At the Huawei Connect 2018 conference, apart from announcing a broad full-stack AI strategy, Huawei also talked about upcoming support for on-device training capabilities for its Ascend Lite chipset that is targeted at smartphones supporting 1 to 2 watts (W) of power and AI models of 10 megabytes (MB) and above. In fact, as part of its Ascend chipset portfolio that spans the device, network edge, and cloud, all chipsets above 1 W will support training on the device, which includes Ascend Lite, Mini, and Max.
Although details were not provided, on-device training is part of Huawei’s MindSpore architecture that supports an on-device learning framework. MindSpore is Huawei’s equivalent of TensorFlow, PyTorch, or PaddlePaddle AI frameworks that is tuned and optimized for Huawei’s AI stack that includes application enablement, chip enablement, and chipsets.
MindSpore is a unified training and inference framework that works across the device, edge, and cloud. It is flexible in adapting to different resource budgets and can support edge-cloud collaborative training, as well as machine learning, deep learning, and reinforcement learning.
Huawei did not provide any examples or use cases to support on-device training, but mentioned that it will be launched during 1H 2019. The framework will sit on the device and will take up less than 2 MB of footprint.
Potential On-Device Training Use Cases and Applications
Use cases that are likely to drive on-device training include those that are impacted by privacy, bandwidth cost, and latency issues. Speech recognition, image tagging, face unlocking, and predictive text are all examples of use cases that can employ on-device training today, where a combination of privacy and latency concerns determines edge versus cloud processing.
Future on-device training applications could include personal robots building detailed indoor maps of your house and objects for navigation and other purposes like finding your keys. For mobile on-device training, my personal favorite is an AI avatar of myself that can answer phone calls on my behalf in my own voice via an advanced version of Google Duplex that is trained on my voice. We have yet to scratch the surface on AI edge applications, and the possibilities are endless. AI training at the edge will only accelerate these possibilities and use cases.
Huawei’s collaborative cloud-edge training solution sounds like Google’s Federated Learning framework. However, it is likely that Huawei is trying to push for improved capabilities for training on the device, with application developers having much more flexibility in defining how they want to run their workloads and how they want to split the training across the cloud, network edge, and device.
The Forecast for AI Application-Specific Integrated Circuit Architectures
Tractica’s Artificial Intelligence for Edge Devices report forecasts that AI edge chipsets, particularly application-specific integrated circuits (ASICs), will support both training and inference on the same chipset around the 2021 time frame.

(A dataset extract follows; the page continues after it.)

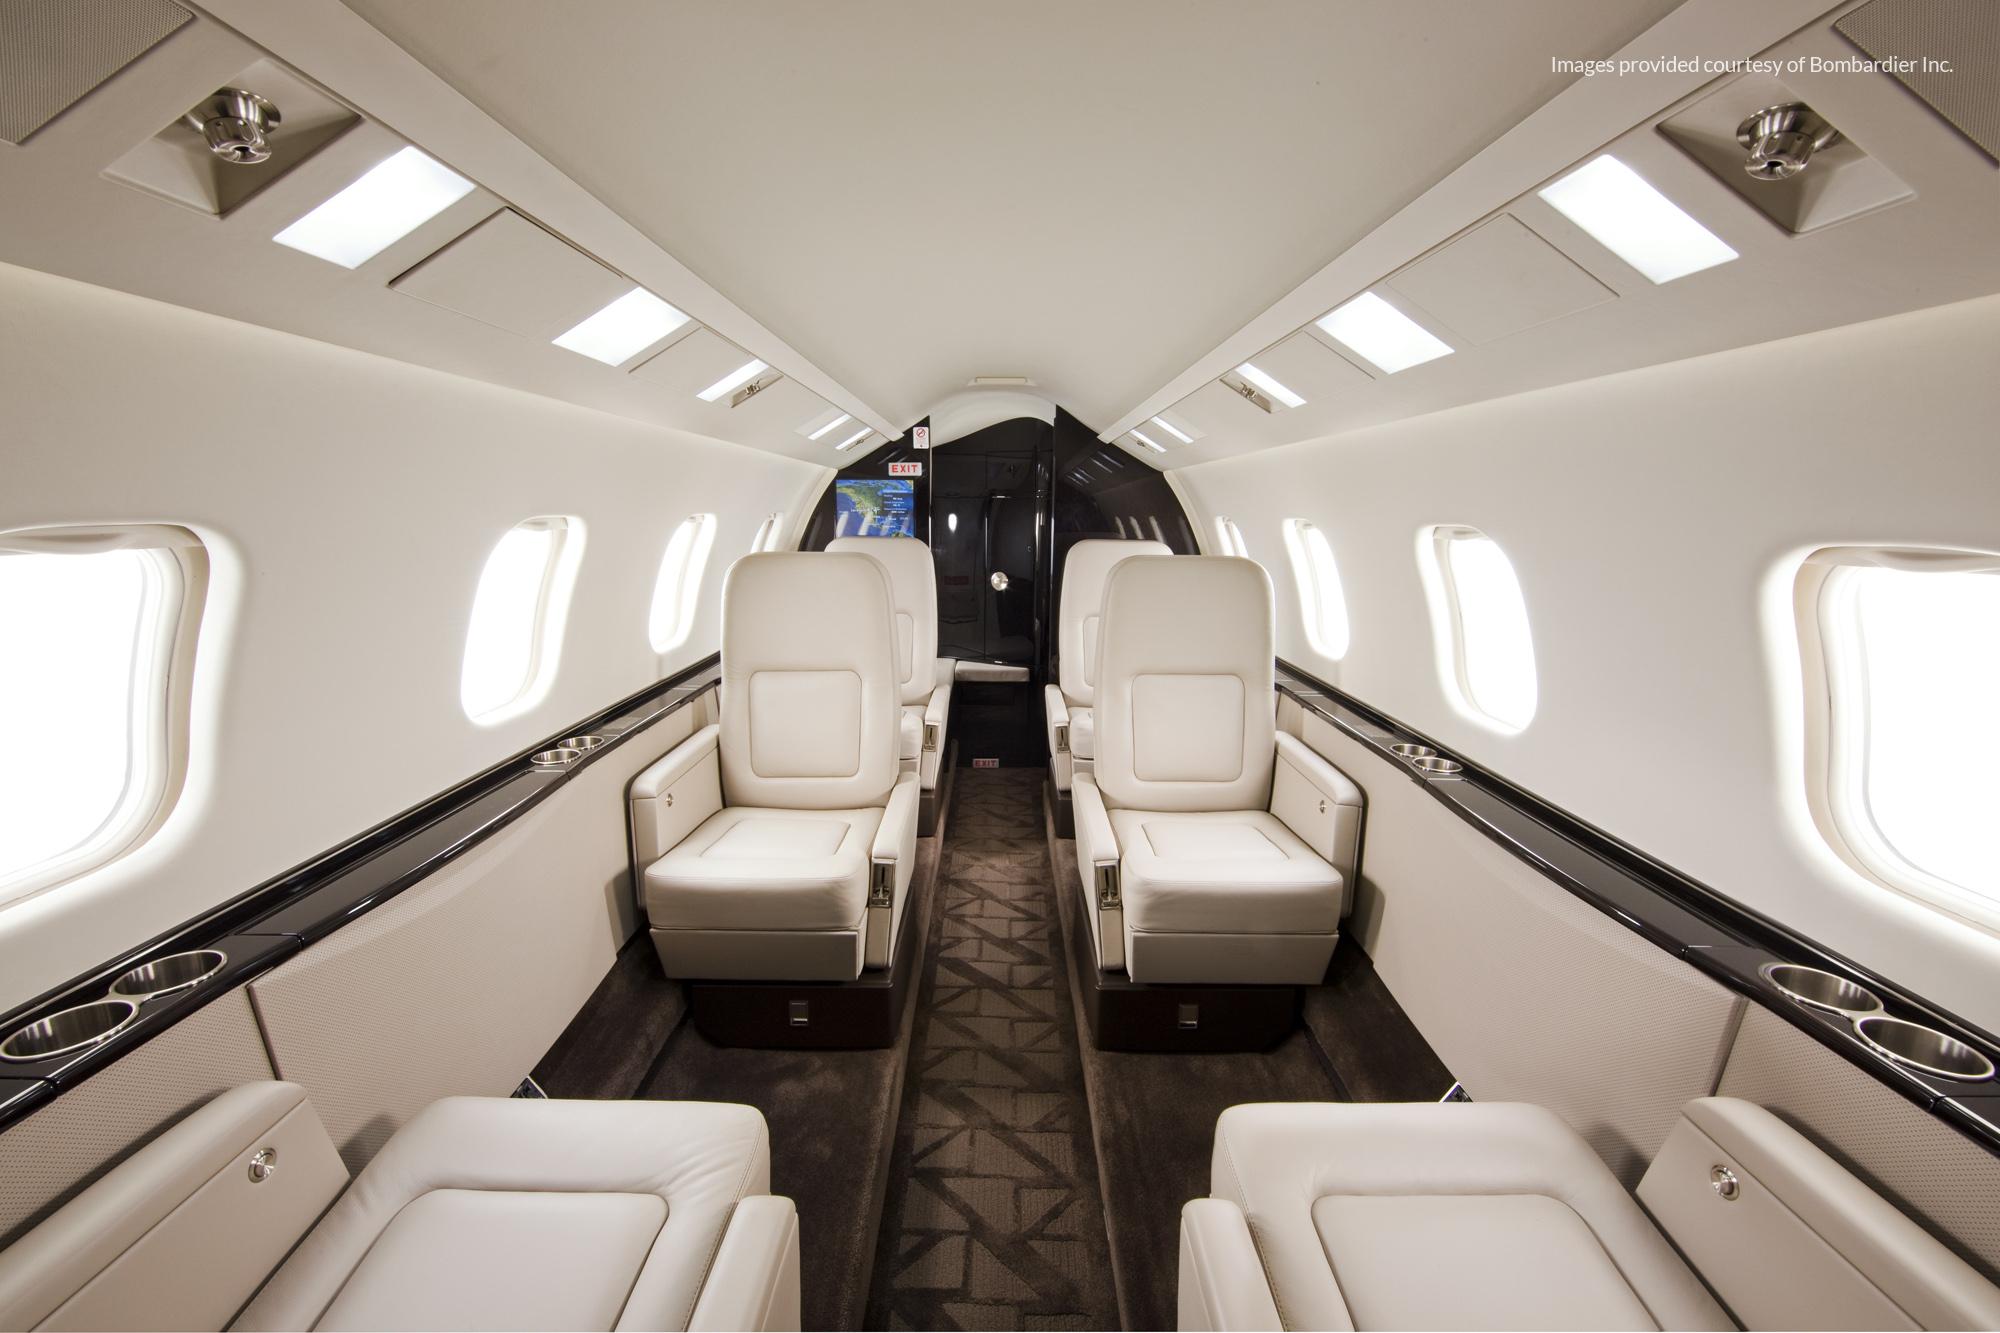 Lear 60 interior.jpg
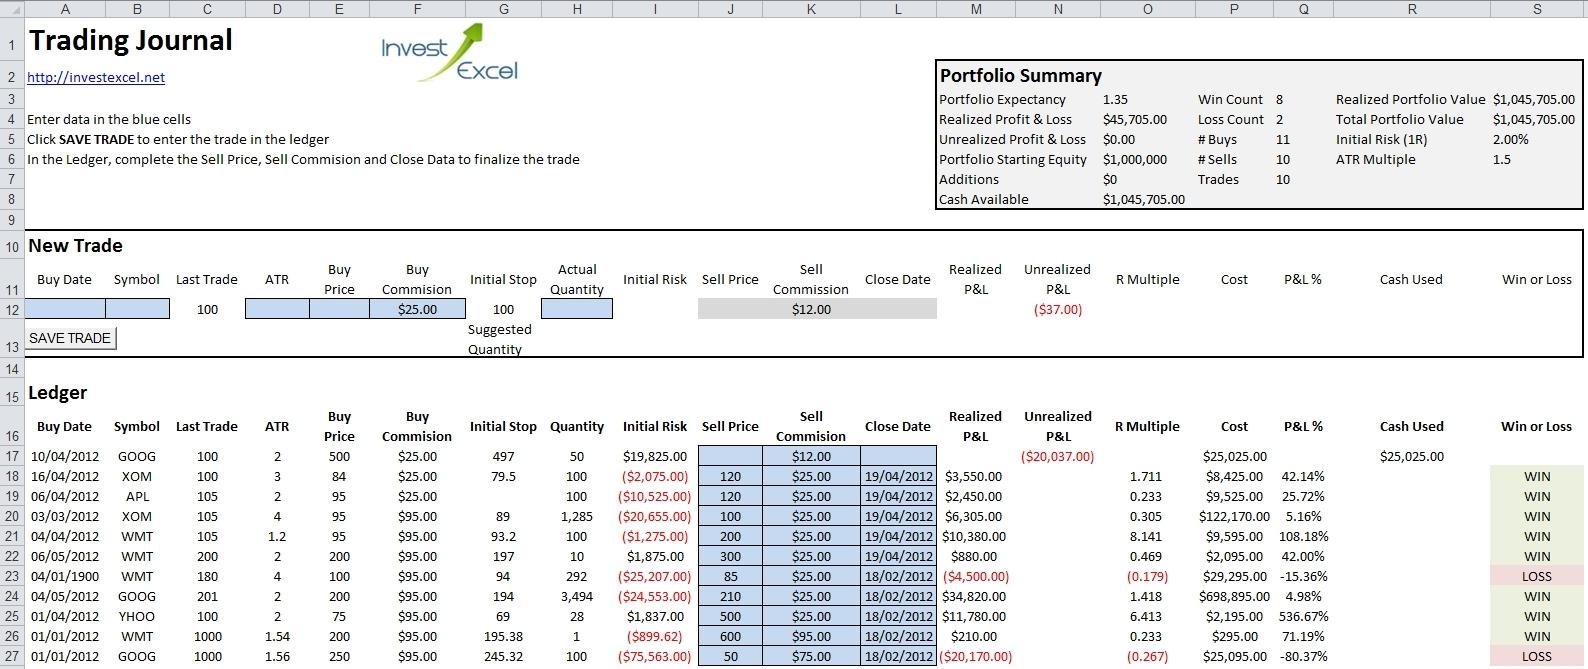 Trading P&l Spreadsheet | Onlyagame Inside Option Trading With Option Trading Spreadsheet

While Huawei’s on-device learning framework looks like a software capability, rather than a chipset capability, we will have to wait and see if Huawei might be accelerating the push toward a pure hardware-based on-device AI, which is driven by tera operations per second (TOPS), rather than software optimization.
Nevertheless, Huawei is already accelerating the push for ASIC architectures dedicated for AI workloads with the announcement of its Ascend chipset portfolio. This is another trend that Tractica covers in the Artificial Intelligence for Edge Devices report, as dedicated AI ASICs seem like a better fit than system-on-a-chip (SoC) accelerator cores like Apple’s Neural Engine or Google Pixel’s Image Processing Unit (IPU), which are likely to run into performance bottlenecks in the future, as AI workloads and applications become more complex, diverse, and mature.
Huawei has already eclipsed Apple in terms of smartphone market share, which means that its Ascend AI portfolio, which will soon be integrated into Huawei’s smartphones, will become an industry leading AI architecture, and possibly a benchmark for Apple and Samsung to follow as they plan their own AI chipset strategies.